Read: J&M: Ch. 8 Transformers. · CS224N: self-attention and transformer material. · 6.S191: LLM material. (Linear algebra of attention/projections: Axler review from Course 5.)
Phase 3 · Weeks 7–10 — LLMs, Alignment, Retrieval, and Final Project
Week 7 — Large Language Models, Scaling, and Masked Models (BERT)
Theme: What changes when models become large; when an encoder beats a decoder.
Read: J&M: Ch. 7 Large Language Models; Ch. 10 Masked Language Models. · CS224N: LLMs, scaling, BERT/contextual embeddings. · 6.S191: New Frontiers lecture. (Scaling laws / cross-entropy: C&T review from Course 5.)
Week 8 — Post-Training: Instruction Tuning, RLHF, DPO, LoRA, Alignment
Theme: Pretraining predicts text; post-training makes models usable and aligned.
Read: J&M: Ch. 9 Post-training (instruction tuning, alignment, test-time compute). · CS224N: instruction tuning, RLHF, DPO, LoRA. · 6.S191: fine-tuning lab. (Policy-gradient / preference-optimization objectives: Boyd optimization review from Course 5.)
Week 9 — Information Retrieval, RAG, Agents, and Extraction
Theme: LLMs need external memory, citations, structure, and tools.

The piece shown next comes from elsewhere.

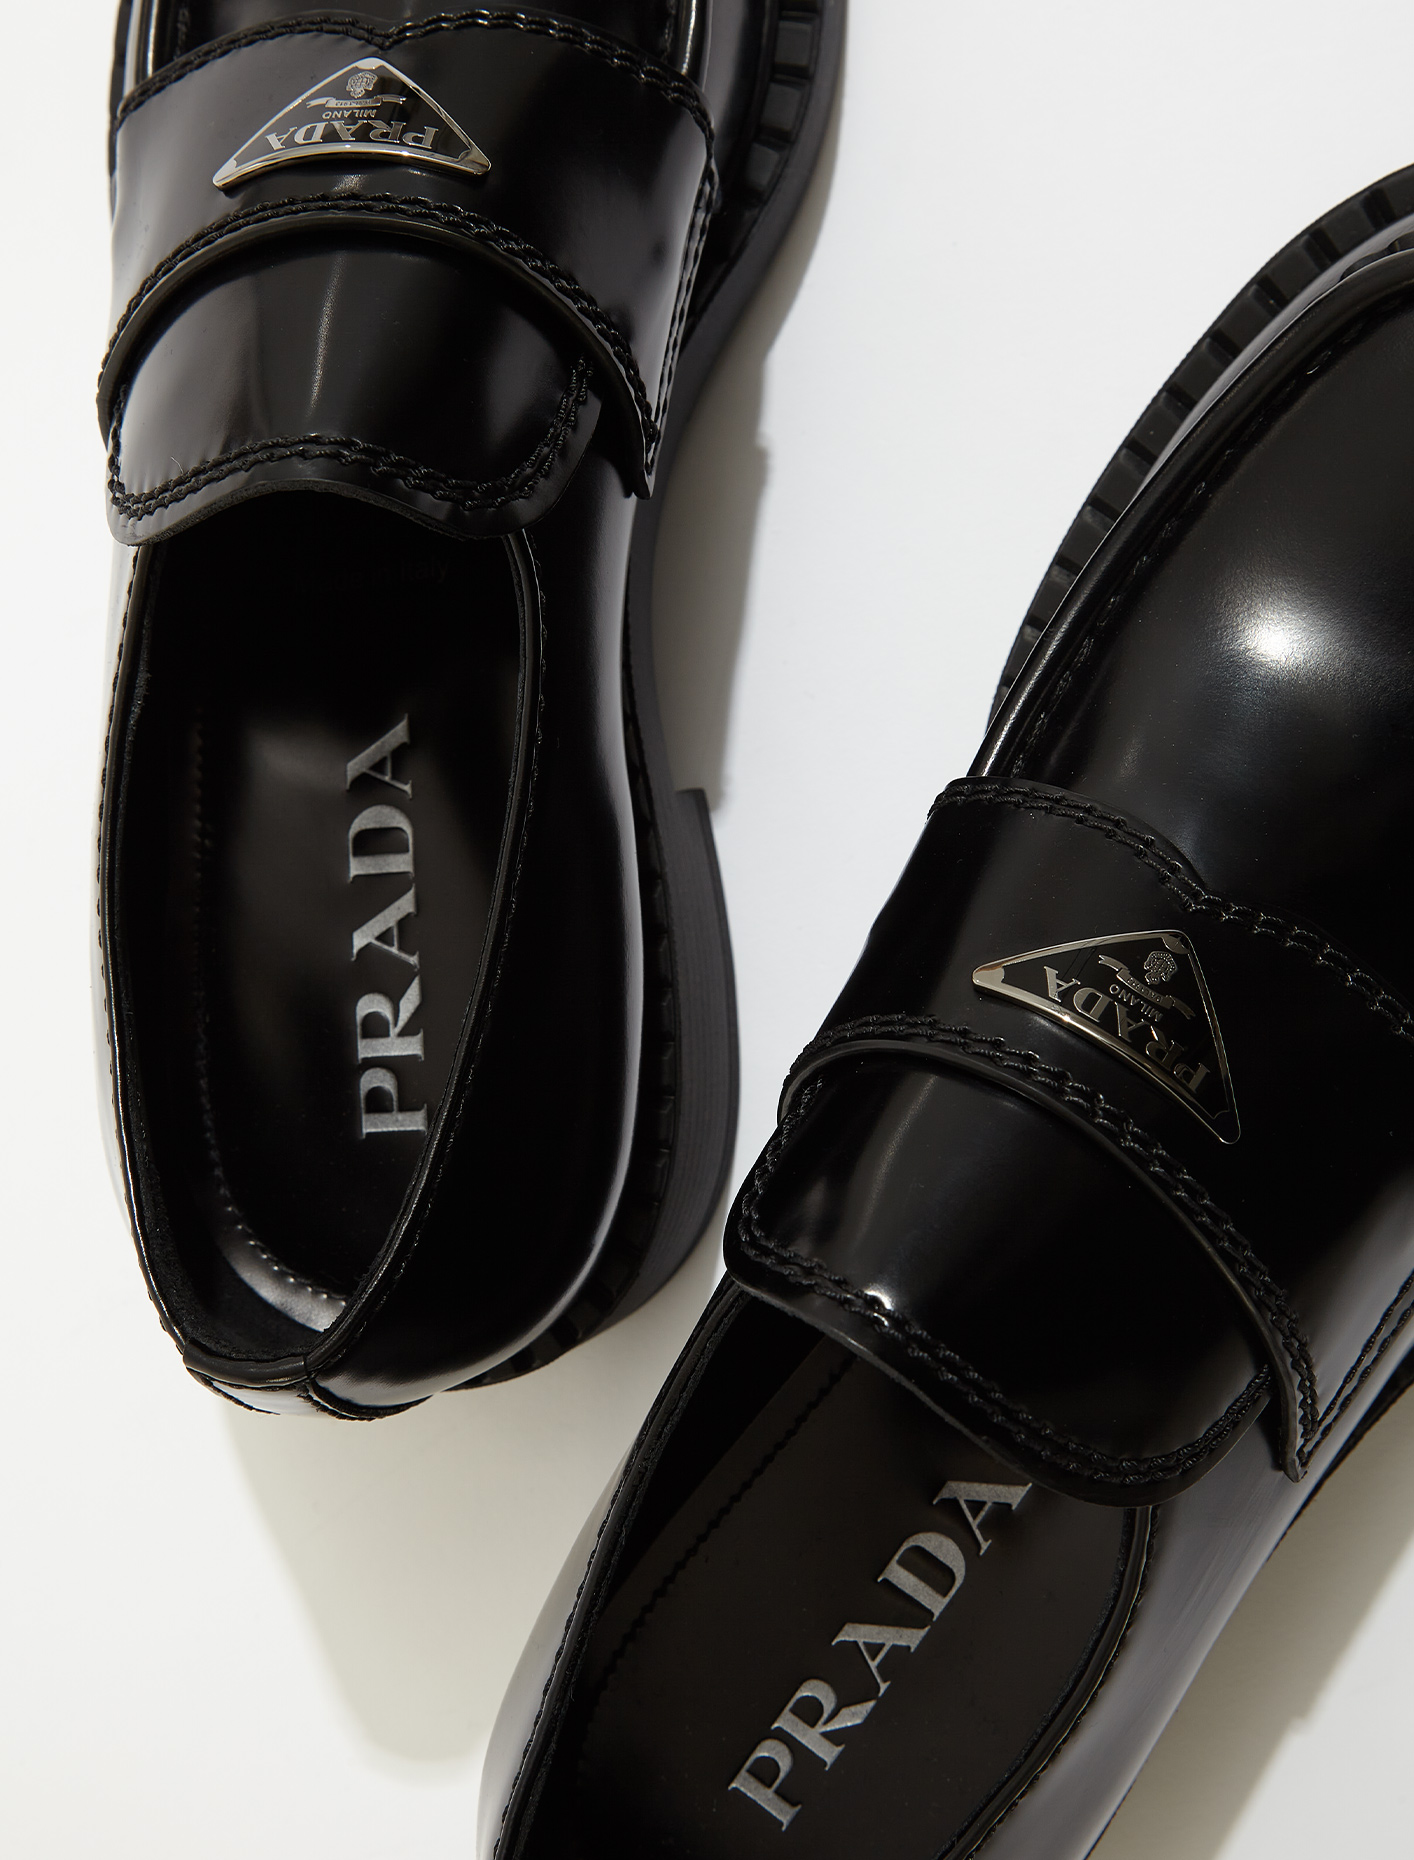 Prada Brushed Leather Loafers in Black | Voo Store Berlin | Worldwide Shipping

Read: J&M: Ch. 11 Information Retrieval and RAG; Ch. 20 Information Extraction; Ch. 23 Coreference; Ch. 25 Conversation and Agents. · CS224N: LLM application and evaluation material. (BM25/retrieval and entity linking as algorithms: DPV review from Course 5.)

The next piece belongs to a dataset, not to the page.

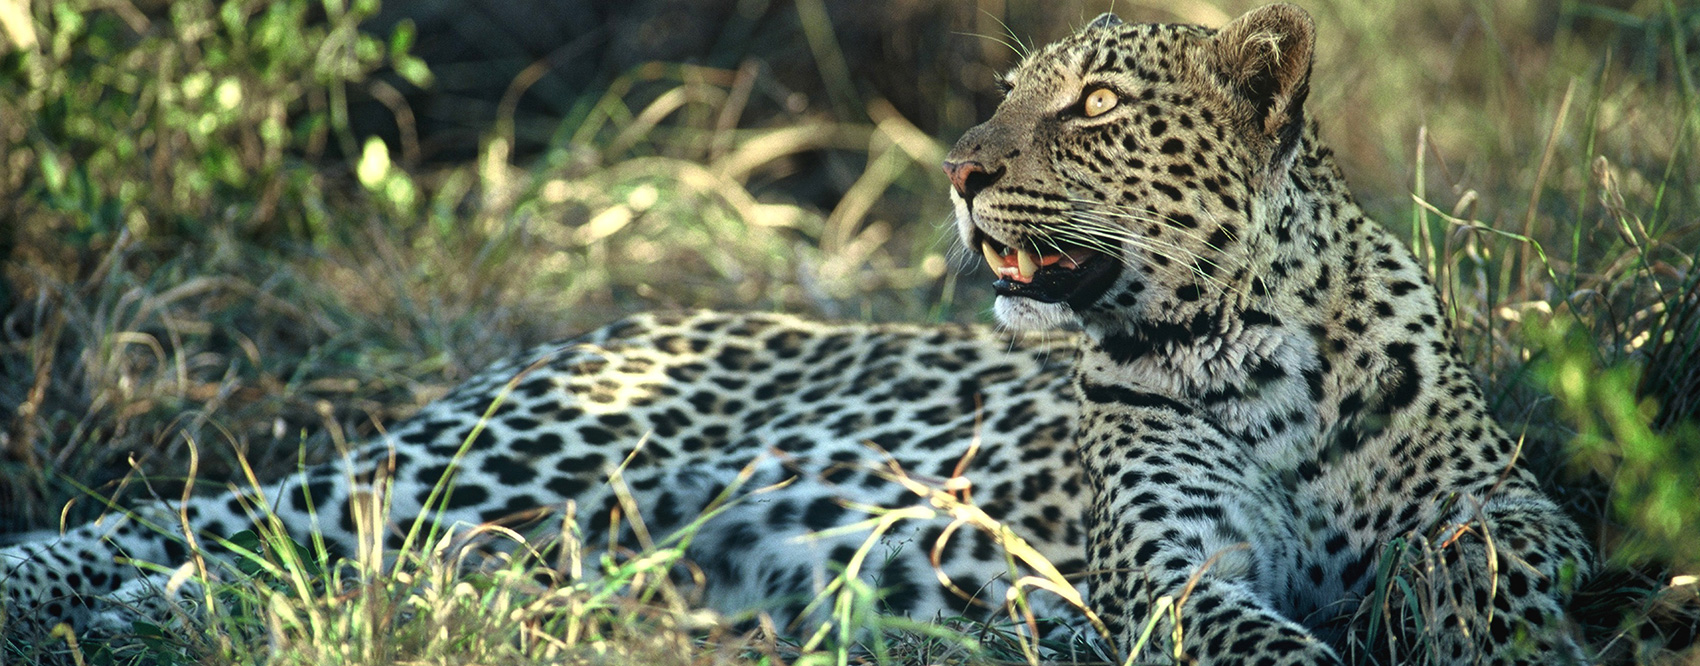 Dulini private game reserve images 6

Week 10 — Capstone: Citation-Grounded RAG Assistant
Theme: Integrate everything into a portfolio-grade, evaluated NLP/LLM system.

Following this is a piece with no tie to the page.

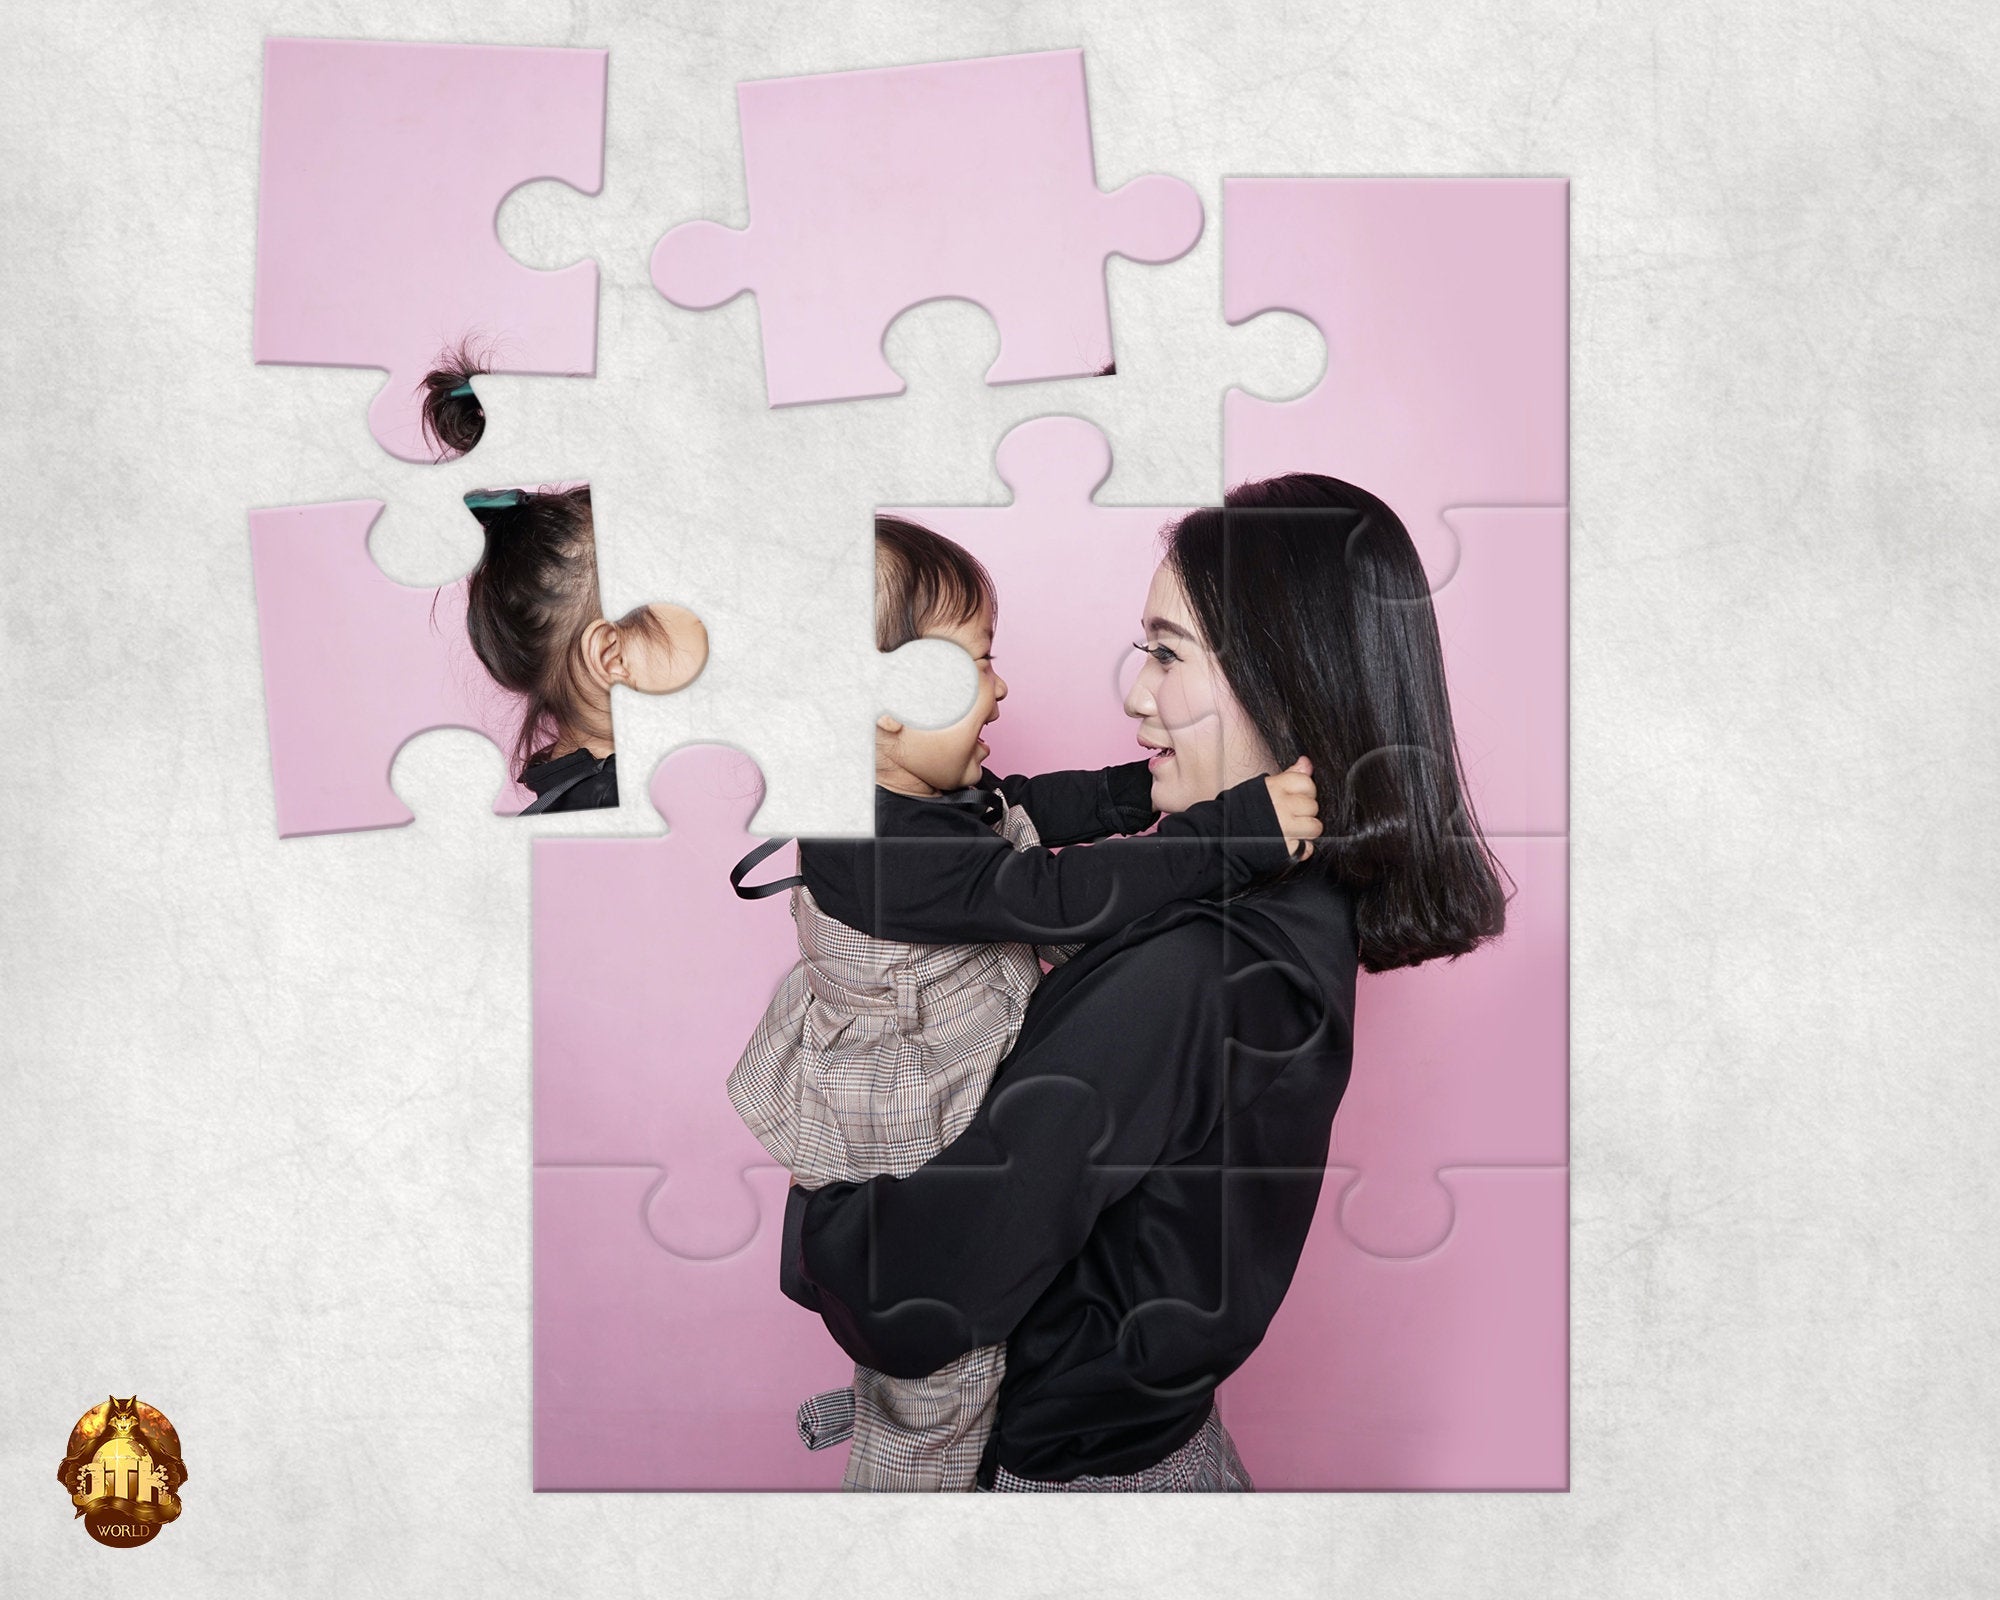 12 Piece Photo Puzzles - Personalized Picture Puzzle - Custom Valentines Photo Puzzle - 12 Piece Photo Jigsaw - Add Your Photo & Text

Read: Review all prior docs. · CS224N final-project and LLM-evaluation material. · Production NLP/LLM engineering references for serving and evaluation context.
Book Integration Map
| Book (Course 5 review) | Weeks |
|---|---|
| Bertsekas & Tsitsiklis | 1, 4, 7, 8 — probability, Bayes, Markov models, calibration |
| Cover & Thomas | 1, 7, 8, 9 — entropy, cross-entropy, KL, perplexity |
| Axler / T&B | 2, 5, 6, 9 — embeddings, dot products, attention, projections, SVD |
| Boyd & Vandenberghe | 2, 7, 8 — logistic regression, gradient descent, fine-tuning |
| DPV / Sipser | 1, 4, 9 — edit distance, Viterbi, CKY, retrieval, grammars/parsing |
| Oppenheim (Course 6) | speech front-end (optional Weeks 11+) — spectrograms, MFCCs |
Optional Weeks 11+ Direction
If prioritizing speech and multimodal NLP: phonetics, MFCCs/spectrograms (building on Course 6 DSP), ASR (CTC/attention), TTS (VITS/Bark), Whisper fine-tuning, audio-text alignment, multimodal LLMs. (This is the dedicated speech track that the 16-week version covered inline; the signal-processing front end now lives in Course 6.)
If prioritizing LLM systems: deeper fine-tuning pipelines, quantization/GGUF, flash attention, speculative decoding, multi-GPU inference, production serving (vLLM, TGI), evaluation frameworks.
If prioritizing search and RAG: graph RAG, multi-hop retrieval, long-document QA, structured retrieval over tables, RAG evaluation (RAGAS), vector-database deployment.
If prioritizing agents and extraction: complex tool-calling agents, code-execution agents, multi-agent frameworks, knowledge-graph construction, long-document extraction at scale.